Researchers analyze why radiology exams are missed, what can be done

Why do some radiology cases get missed? More importantly, what approaches can be taken to minimize cases in which images and their corresponding reports go unread?

Anthony Galinato, MD, of Johns Hopkins Medical Institution in Baltimore, and colleagues sought to answer these questions in a study published Nov. 3 in the Journal of the American College of Radiology.

“Minimizing the number of studies that are not viewed is important to patient care,” they added. “It ensures that important and perhaps time-sensitive findings have appropriate clinical or imaging follow-up.”

The researchers analyzed 8,268 neuroradiology imaging studies ordered from all patient settings during September 2016. Tracking imaging and report access for eight months, the group looked at when imaging study orders were placed; when the patient finished the imaging study; when the imaging was accessed; and when the radiology reports were accessed.

Of the 7,438 study orders which were performed, 622 (8.4 percent) had neither the images nor imaging reports viewed in the PACS or EMR. Additionally, 12 departments had at least one study ordered that did not have its images nor report viewed. Otolaryngology had the highest percentage of studies that were never viewed (12.3 percent), followed by neurology at 11.7 percent.

These higher rates may be due in part to a reliance on clinical symptoms to guide decision-making in otolaryngology, the authors noted. In neurology, Galinato et al. argued the long-term follow-up nature of many neurology studies may be a factor behind the higher rate. 

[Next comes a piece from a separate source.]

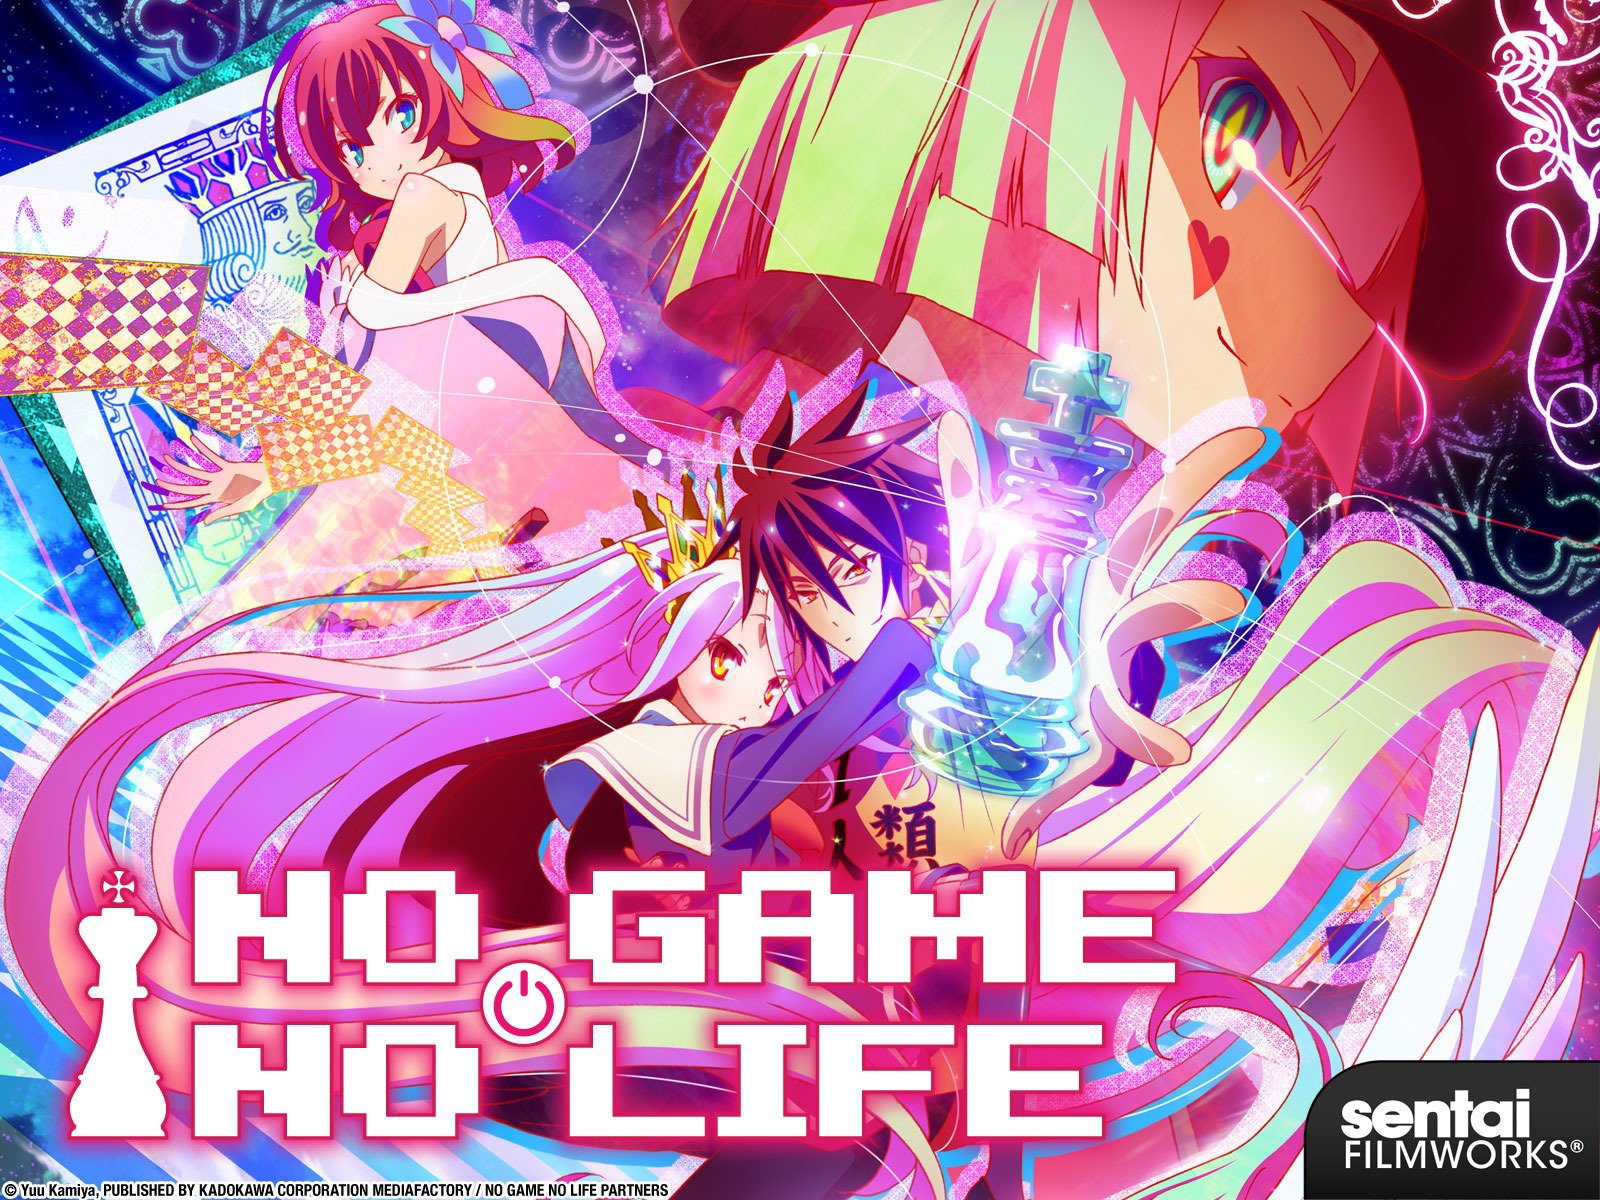 No Game No Life Logo Wallpapers

The institutional outpatient setting had the most missed cases at 273. This was followed by the outpatient community setting (208 cases), the emergency department (ED) (132 cases) and inpatient setting (9 cases). In the ED, 7.8 percent of cases were never viewed, which the authors found “concerning” due to the higher acuity nature of those cases compared to outpatient studies.

Finally, 124 studies which were never viewed were classified as normal, 247 included findings that needed follow-up and three cases were determined to be critical.

What can be done?

One way to minimize lost studies is to implement a system into Epic which notifies the ordering clinician when a study report or image has been opened within a certain timeframe following a study’s completion, Galinato et al. wrote.

The authors also suggested putting more power into the hands of patients though an opt-in system which would send out a notification regarding the status of their radiology report. Galinato et al. argued this would be particularly helpful in cases which required follow-up, and could simultaneously reduce the ever-growing radiologist workload.

“As this study demonstrates, the rate of studies with images and reports that are not viewed can be high, particularly in the community outpatient setting by remote referring physicians,” the authors wrote. “It is important to address this high rate and possibly implement ways to minimize the number of these nonviewed studies.”